Recently the cohesive energy density of a liquid has been described as a ‘solvation pressure’ acting on, for example, ethanol in ethanol + water and ethanol + trichloromethane liquid mixtures [7].

Footnotes

[1] M. R. J. Dack, Aust. J. Chem.,1976,27,779.

[2] \(\text { c.e.d. }=\left[\mathrm{J} \mathrm{mol}^{-1}\right] /\left[\mathrm{m}^{3} \mathrm{~mol}^{-1}\right]=\left[\mathrm{J} \mathrm{m}^{-3}\right]=\left[\mathrm{N} \mathrm{m}^{-2}\right]\); the unit of pressure. \(\mathrm{R} \, \mathrm{T}=\left[\mathrm{J} \mathrm{K}^{-1} \mathrm{~mol}^{-1}\right] \,[\mathrm{K}]=\left[\mathrm{J} \mathrm{mol}^{-1}\right]\)

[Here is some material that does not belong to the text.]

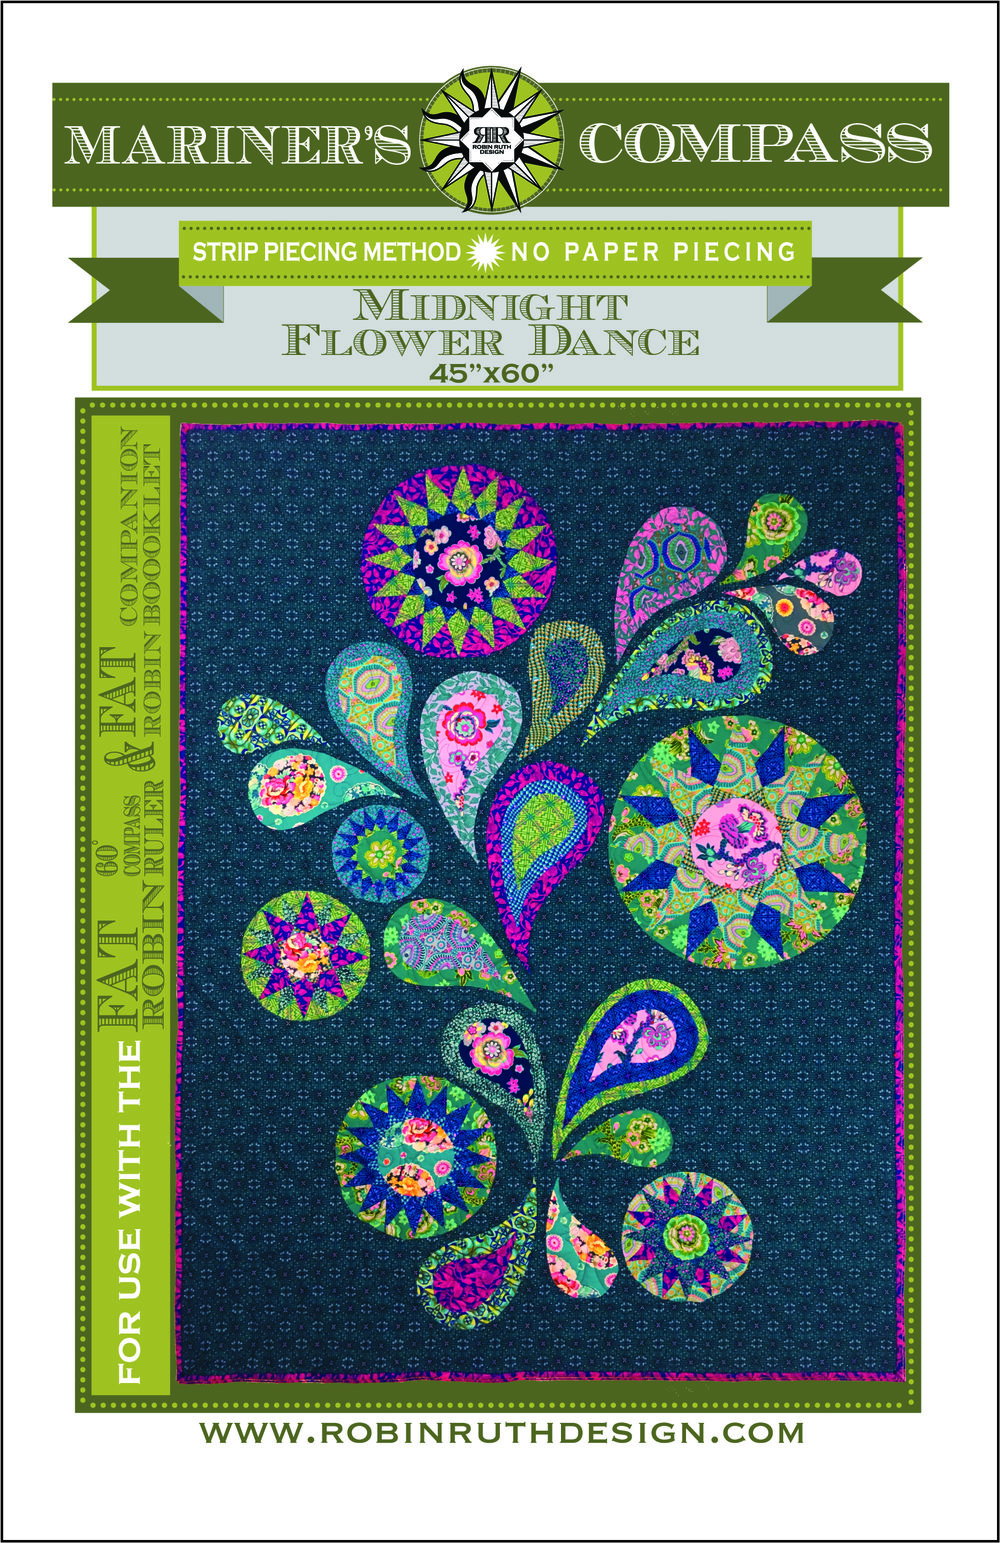 Midnight Flower Dance Front Cover.jpg

[3] A variety of units are used for cohesive energy densities. Despite the fact that there are good grounds for using the unit \(\mathrm{J m}^{-3}\), the commonly used unit is calories per \(\mathrm{cm}^{3}\), \mathrm{cal cm}^{-3}\).

\[\begin{aligned}
&\text { For liquids } 298.15 \mathrm{~K} \text { and ambient pressure. }\\
&\begin{array}{lc}
\text { Liquid } & \text { c.e.d./ } \mathrm{cal} \mathrm{cm}^{-3} \\
\text { water } & 547 \\
\text { methanol } & 204 \\
\text { benzene } & 85 \\
\text { tetrachloromethane } & 74
\end{array}
\end{aligned}\]

[4] A. F. M. Barton, J.Chem.Educ.,1971, 48,156.

[5] For comments on the role of cohesive energy densities of solvents and rates of disproportionation, see A.P. Stefani, J. Am. Chem. Soc., 1968,90,1694.

[6] For comments on cohesive energy densities of binary aqueous mixtures see,

D. D. Macdonald and J. B. Hyne, Can. J. Chem.,1971, 49,611,2636.
D. D. Macdonald, Can. J. Chem.,1976, 54,3559.

[7] N.W. A.van Uden, H. Hubel, D. A. Faux, A. C. Tanczos, B. Howlin and D. J. Dunstan, J. Phys.: Condens. Mater,2003,15,1577.